## WORK INSTRUCTIONS
In the copy of the lines below, leave out pictures and print everything else exactly.

## SUPPLIED DATA
*** Block opens ***

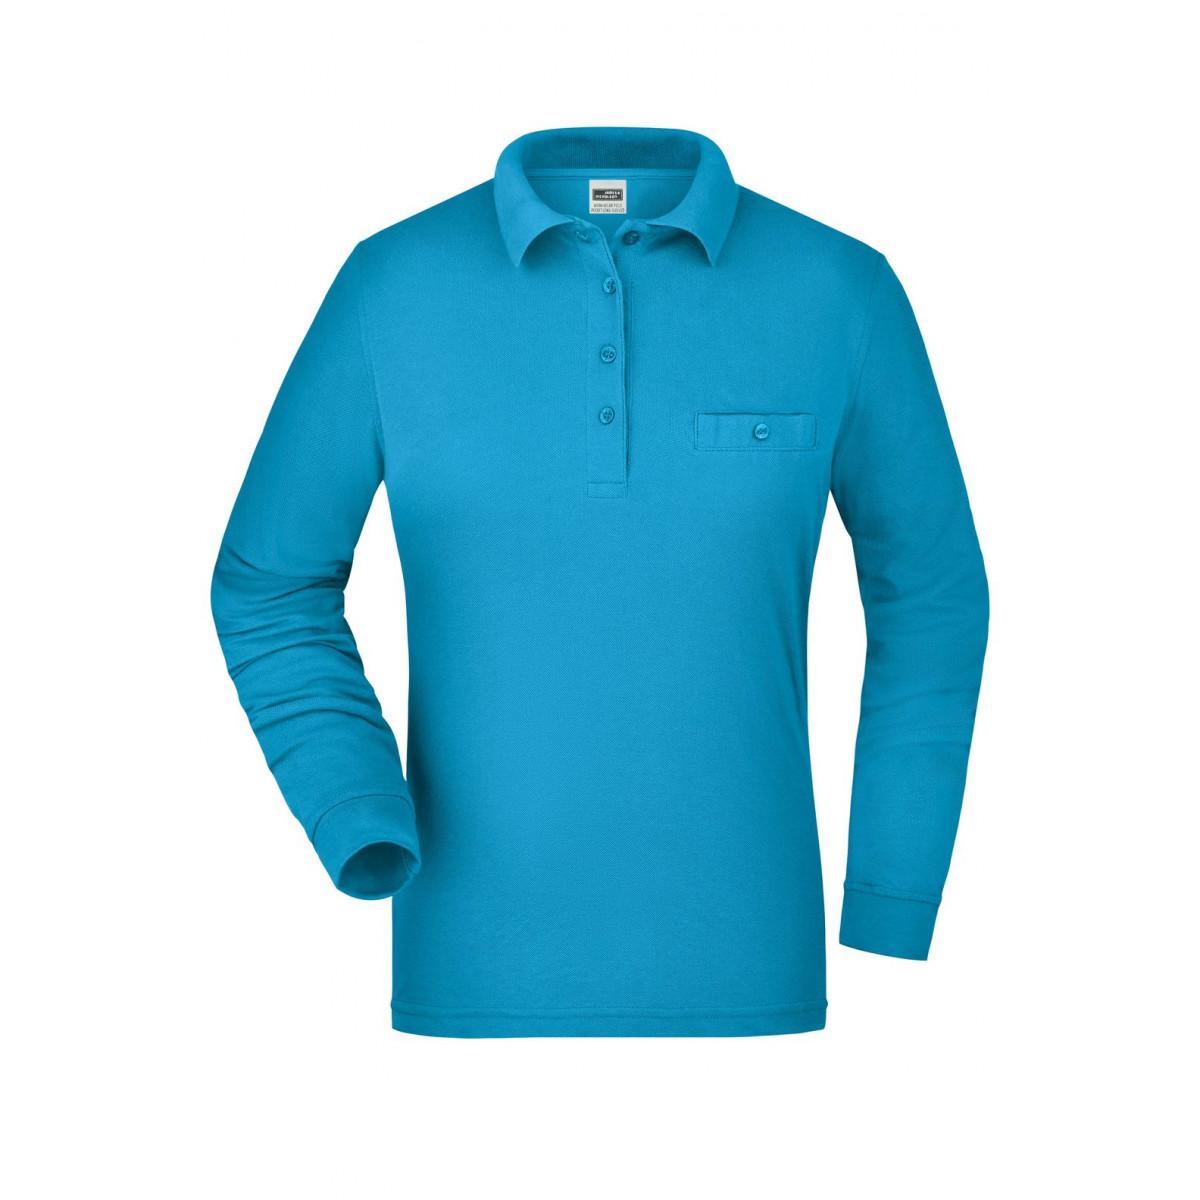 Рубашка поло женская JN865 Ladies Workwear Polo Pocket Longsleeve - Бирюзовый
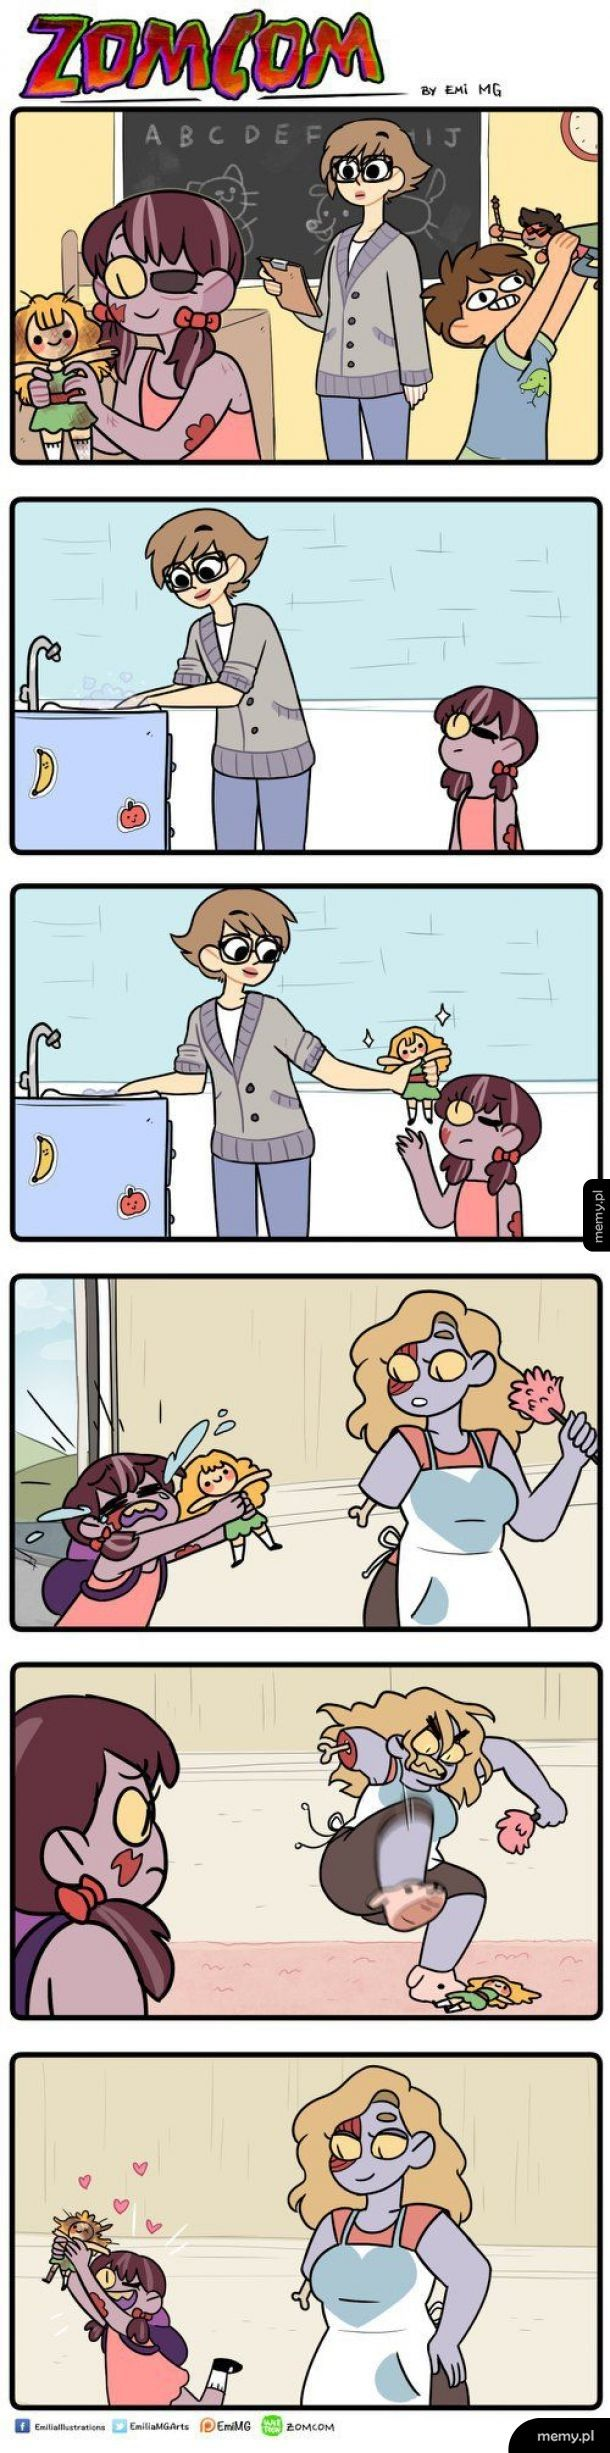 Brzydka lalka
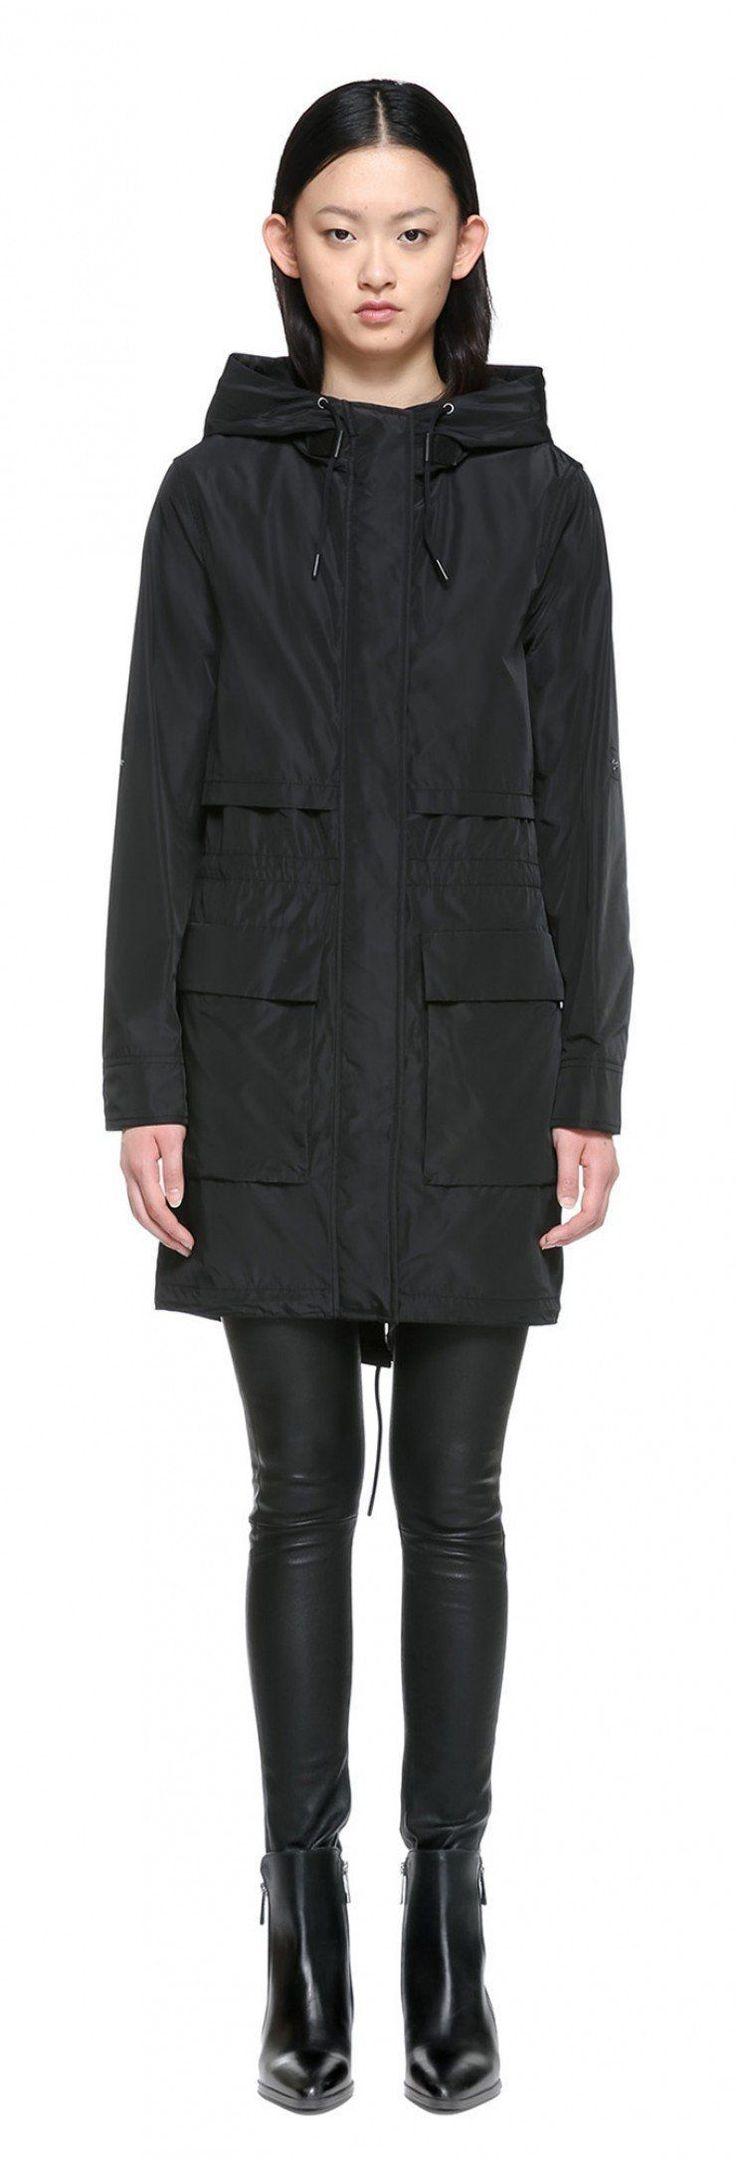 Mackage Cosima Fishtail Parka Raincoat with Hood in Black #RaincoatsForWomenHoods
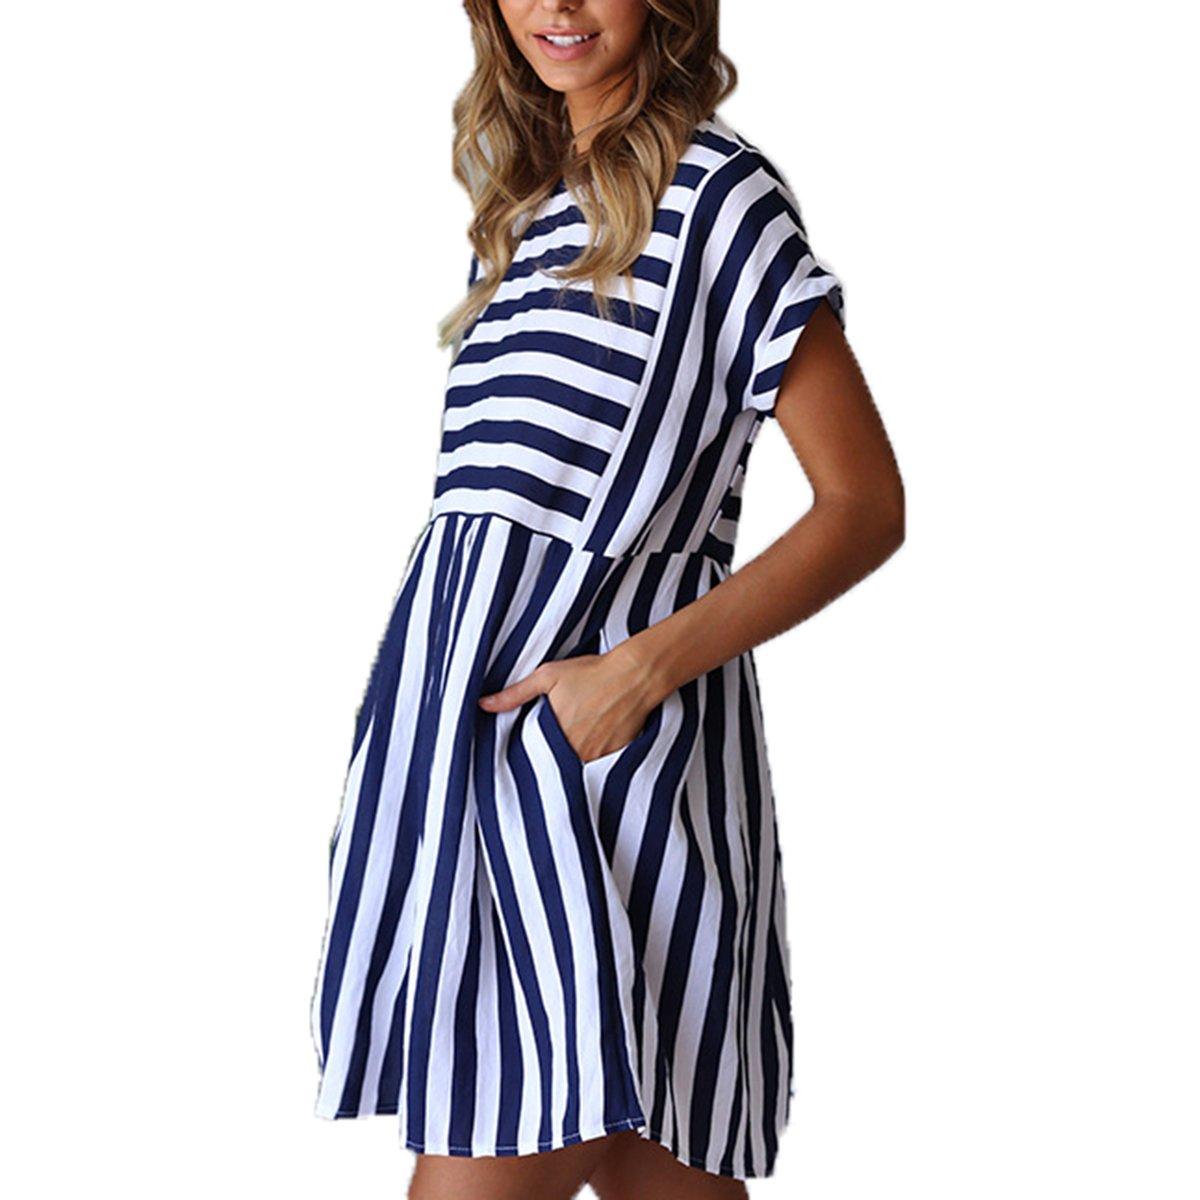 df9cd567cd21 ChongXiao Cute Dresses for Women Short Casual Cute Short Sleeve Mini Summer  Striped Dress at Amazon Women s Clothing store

*** Block closes ***

## SOLUTION TO THIS TASK
 Рубашка поло женская JN865 Ladies Workwear Polo Pocket Longsleeve - Бирюзовый
 Brzydka lalka
 Mackage Cosima Fishtail Parka Raincoat with Hood in Black #RaincoatsForWomenHoods
 df9cd567cd21 ChongXiao Cute Dresses for Women Short Casual Cute Short Sleeve Mini Summer  Striped Dress at Amazon Women s Clothing store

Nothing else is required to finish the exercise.